Saturday, January 7, 2012

Citrus and Sunshine

It's a bit hard to believe, but today is January 7th, and it reached 60 degrees.  The sun was brilliant, and it was wonderful to be outside.  We even hung towels on the line to do most of their drying.  (We finish them in the dryer, since they can get cardboard-y if they dry only in the sun.  And I'll tell you what, for me, fluffy towels are one of life's simple luxuries.)

I also picked parsley from the garden today.  As you can imagine, during most winters, by now the parsley is a pile of green sludge.  Strange things are afoot, indeed.  Like I said in an earlier post, though, you won't hear me complaining!


Tonight's dinner, Sauteed Chicken over Wilted Spinach with Kumquat Sauce, is one that I don't make often.  It relies on kumquats, which aren't too common here in New England.  Strangely, I got two pints of them within a week of each other, one as a joke from one of my husband's co-workers, and one from my sister, in my annual Christmas citrus gift box (oh, how that box makes me so happy!).  I knew immediately that this recipe was on the docket.  The nice thing about kumquats, like most citrus, is that they keep for a long time if properly stored (I keep mine in the apple storage drawer of the refrigerator, and they're good for up to two months...if they last that long, of course.)
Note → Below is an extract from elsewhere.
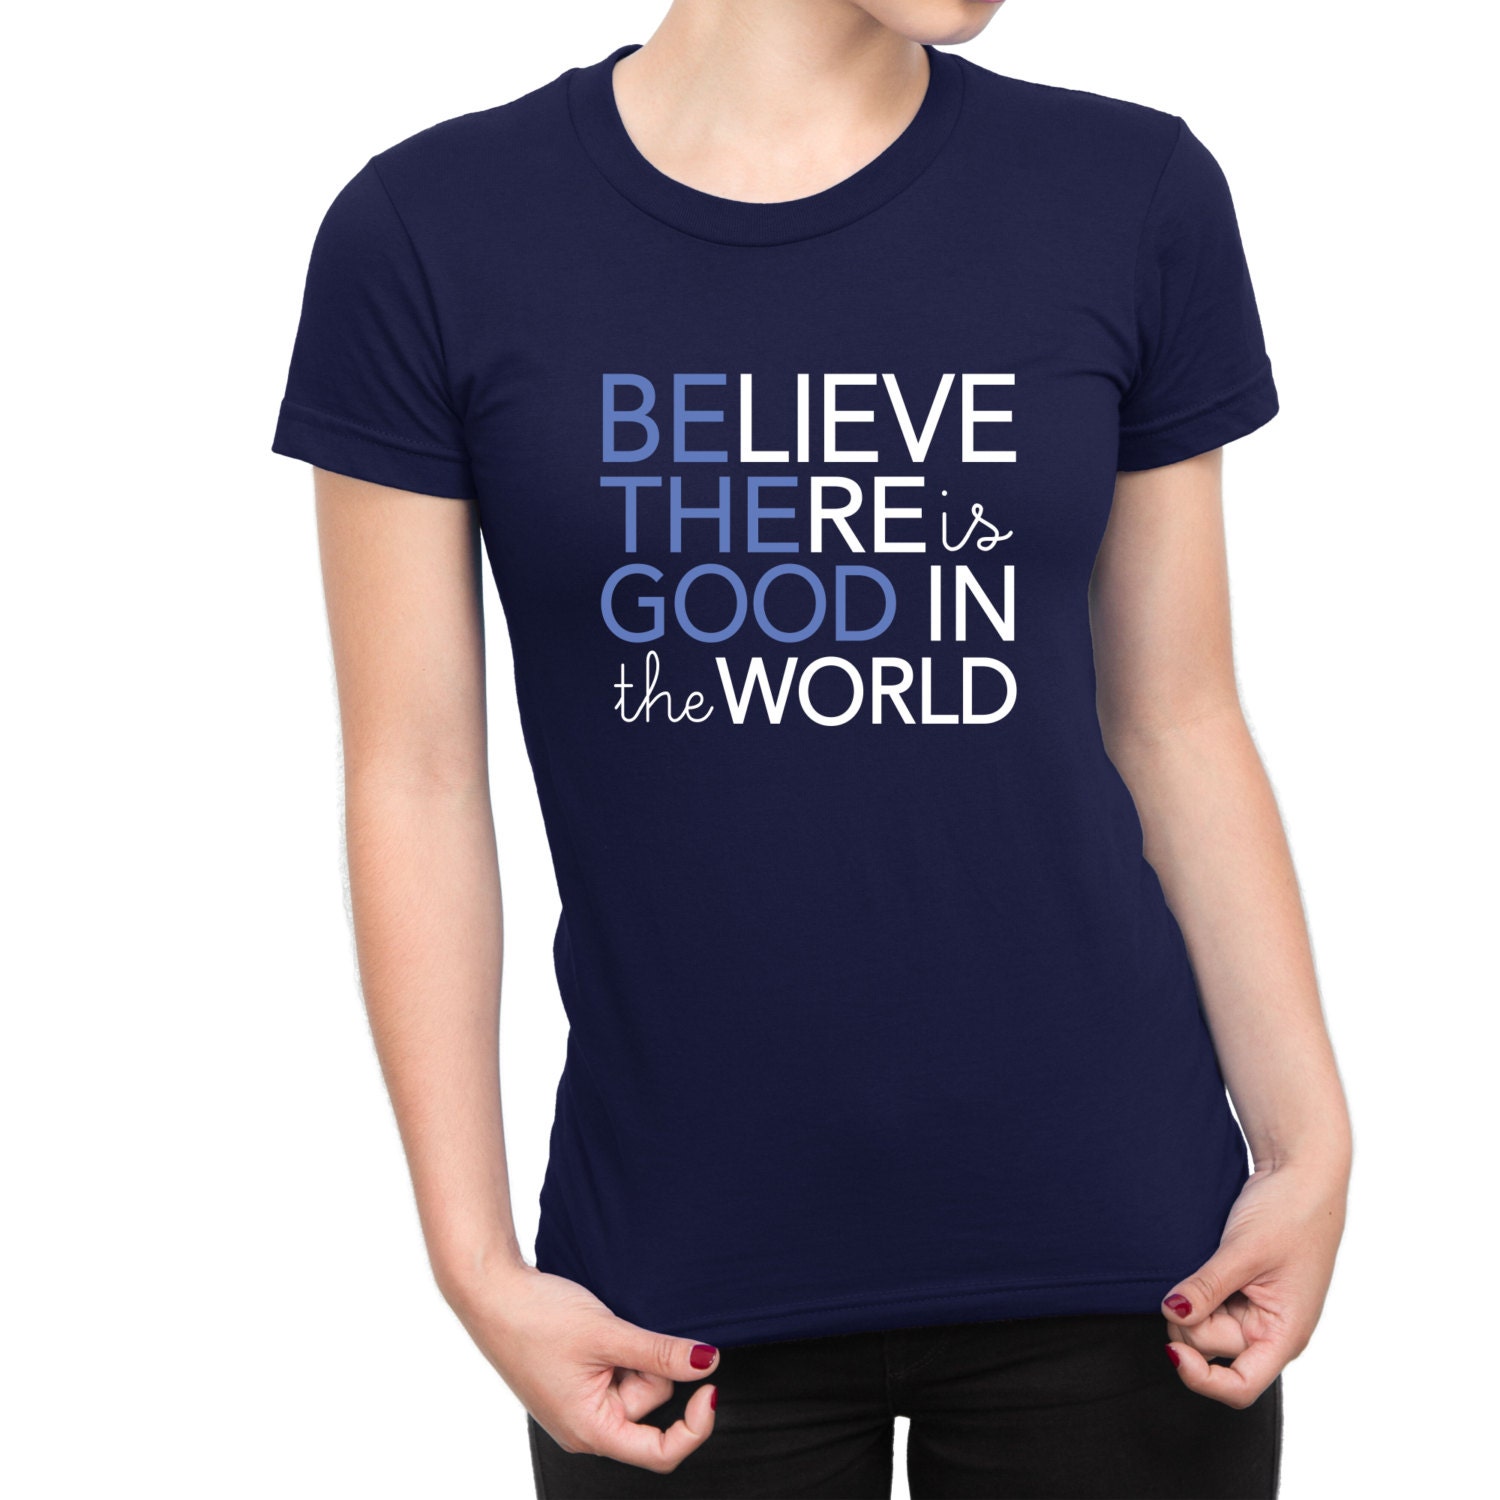 Be the Good in the World Graphic Tee Believe there is Good in

The other  nice thing about kumquats, if you're not familiar with them, is their mouth-puckering taste.  I think they seem to have a little bit of all citrus flavors in them; while the first hit is a bitter/sour thing, if you don't immediately spit it out (which I did the first time I ever had them) you get notes of lime, orange, lemon, meyer lemon, and grapefruit...all in one tiny fruit no bigger than a walnut.  They're seedy little devils, so while you can eat them whole (and I do, especially since the ones we've gotten are organic--but rinse them well) you may want to chew carefully, kind of like with seeded grapes.  This recipe calls for slicing them thinly, which means you need to stop frequently to pull the seeds out--some of the ones I used tonight had eight seeds in them!

My dad found the recipe for the chicken dish in the much mourned, late, great Gourmet magazine.  He raved about it, so naturally I had to give it a shot.  And, oh...just yum!  I usually serve it with a side of mashed potatoes, or with crusty bread to mop up the sauce that's left.  Barring that, I'd be willing to lick the plate clean.
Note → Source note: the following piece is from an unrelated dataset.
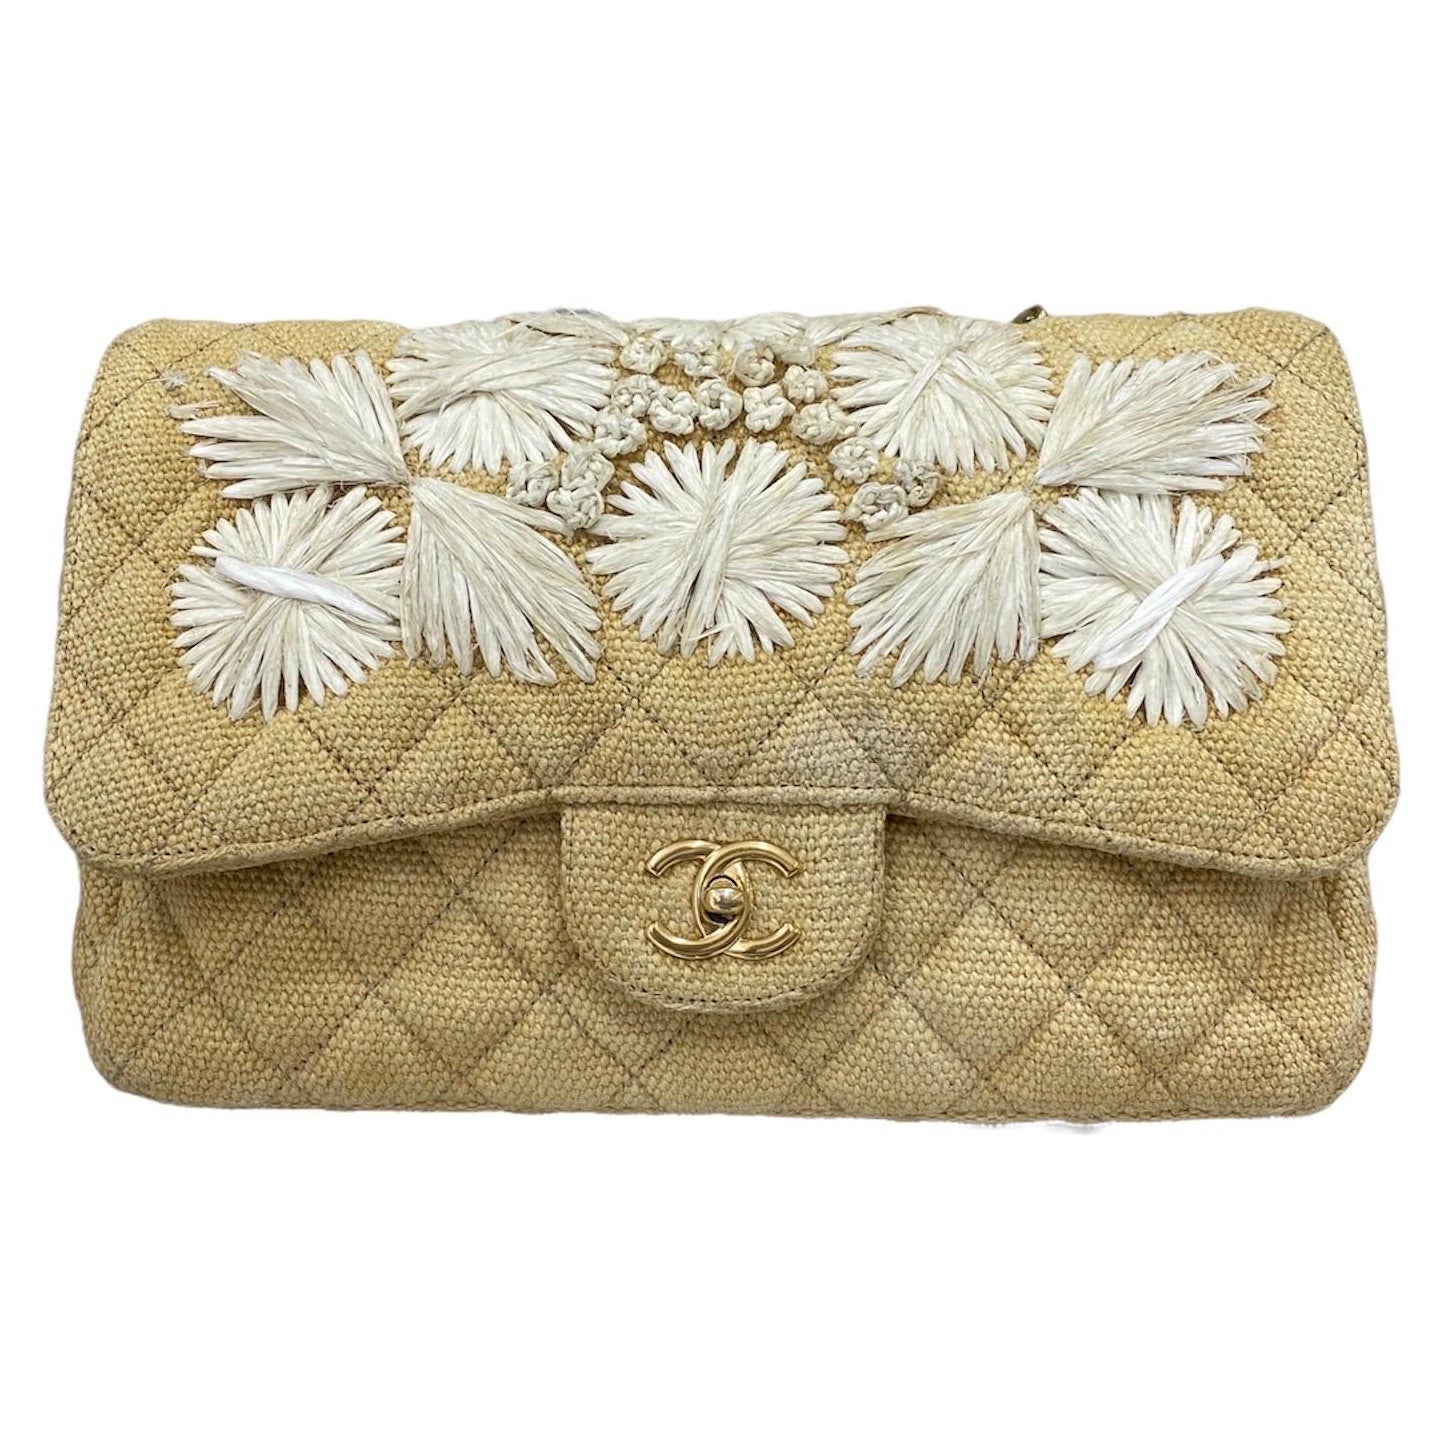 Chanel Flap Beige Canvas Flowers Borsa a Tracolla For Sale

Sauteed Chicken over Wilted Spinach with Kumquat Sauce
from Gourmet magazine
(I followed the recipe to the letter, except I doubled the kumquats.  Go with the original three if you're afraid it will be too tart.)
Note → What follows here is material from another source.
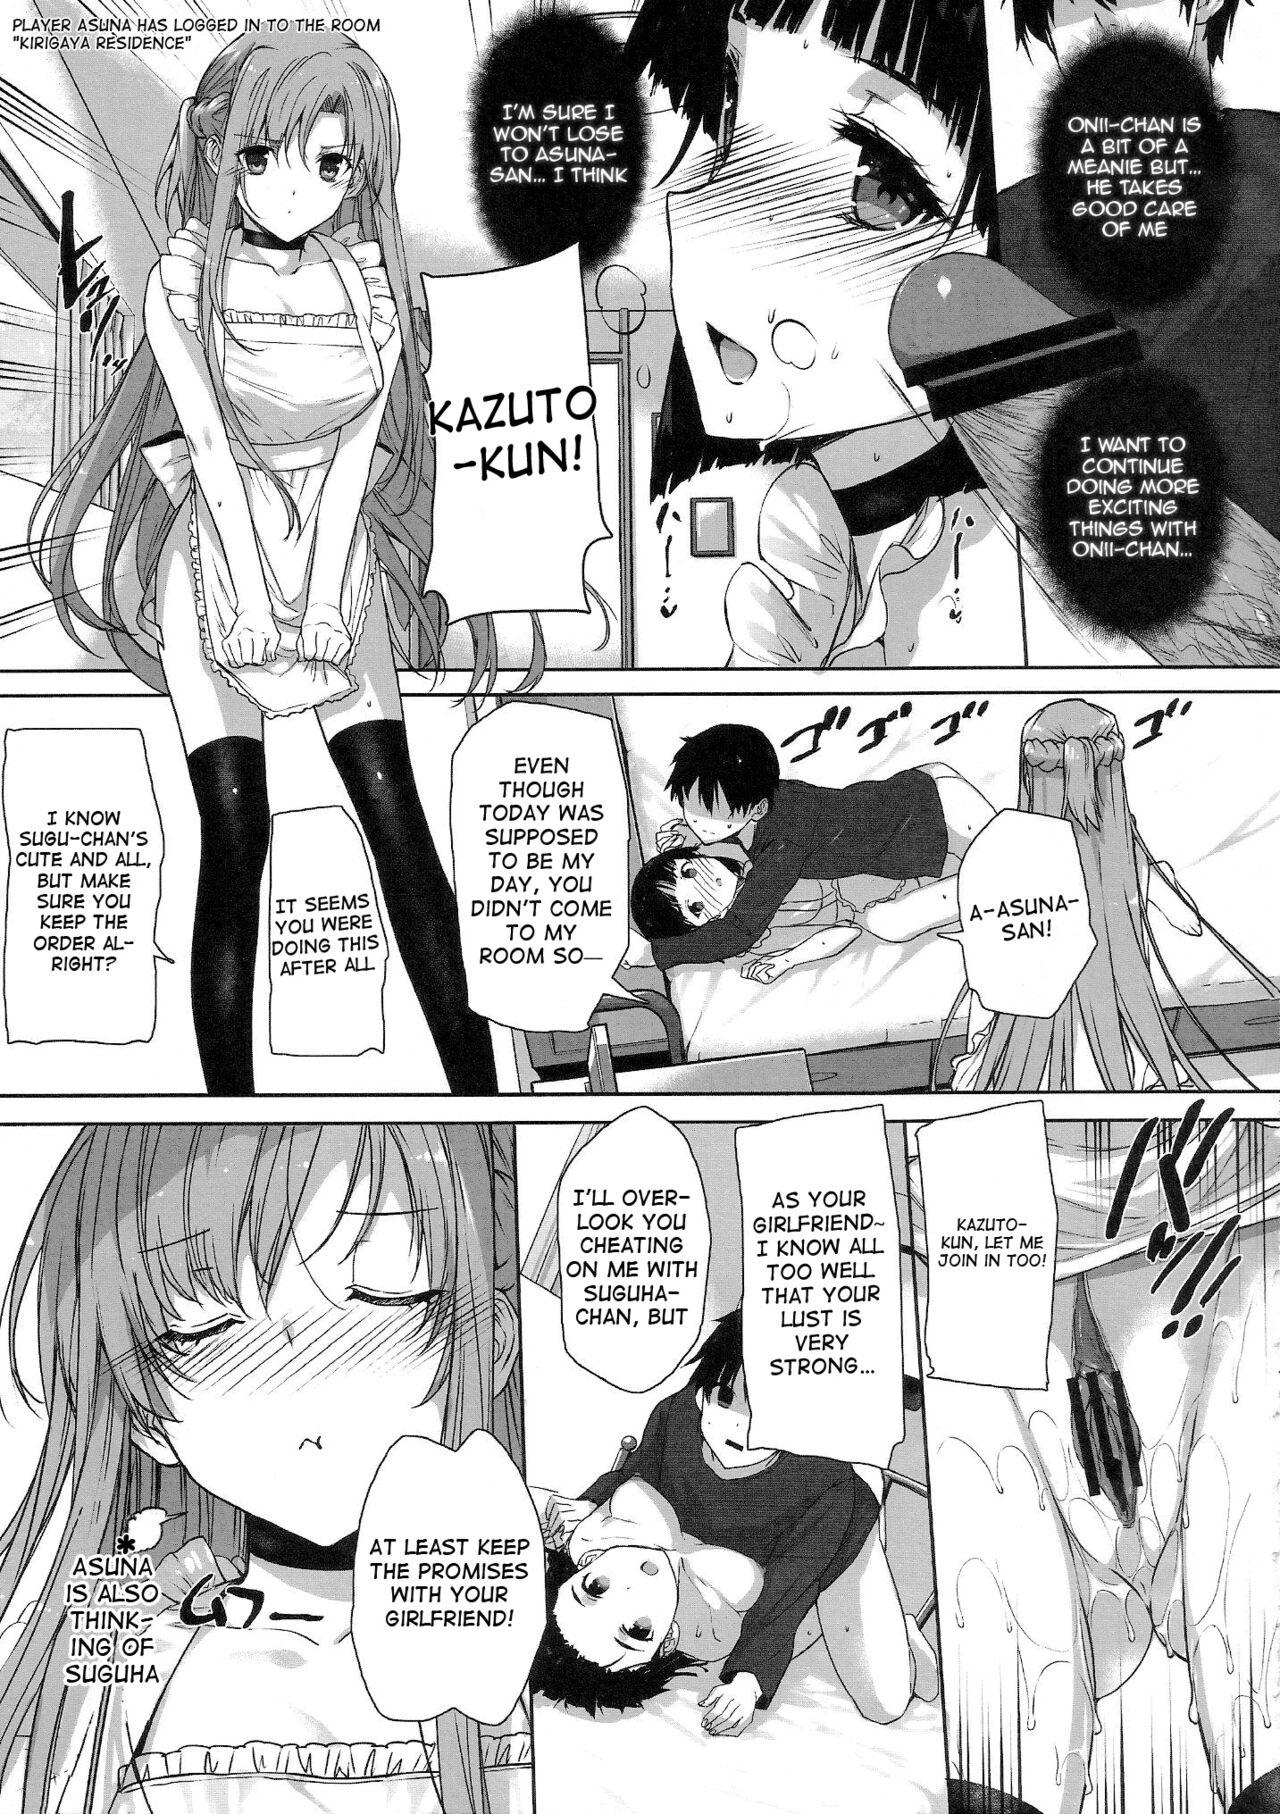 Baile Inran SWORD ART SISTER x LOVER | Perverted Sword Art - Sister x Lover - Sword art online Dick Sucking - Page 8

6 kumquats, thinly sliced, seeds removed
1 large shallot, thinly sliced into rings (about 1 cup)
2 bonless chicken breast halves, skin on; patted dry
1 tbsp butter (I used 1/2 tbsp butter, 1/2 tbsp olive oil...so okay, I didn't follow it to the letter)
2 tbsp sugar
1/3 cup water
3 tbsp white wine vinegar
1/8 tsp dried hot red pepper flakes
1 tbsp chopped fresh parsley
4 cups packed spinach leaves, washed and dried (about one bunch)
salt and pepper, to taste

1.  Preheat a large skillet over medium-high heat; melt butter and olive oil.  Season both sides of the chicken breast with salt and pepper and saute, skin side down, until skin is golden and crisp, about 5-7 minutes.  Turn chicken over and cook until just cooked through, another 5-7 minutes.  Lower the heat if it seems the bottom is browning too fast.

2.  Transfer chicken to a plate and keep warm.

3.  Add shallot to fat remaining in skillet and cook, stirring frequently, for one minute.  Sprinkle sugar over shallot and cook, undisturbed, until sugar is melted and golden.  Immediately stir in kumquats, water, vinegar, and red pepper flakes and simmer, stirring, until sugar is dissolved.

4.  Stir in parsley, and salt to taste.  If sauce is too liquid, simmer until thickened to desired consistency, between 1 and five minutes.

5.  Transfer two-thirds of sauce to a small bowl.  To remainder of sauce in skillet, add spinach and salt to taste, turning with tongs til just wilted.

6.  Divide spinach between two plates, top with chicken.  Spoon reserved sauce over top.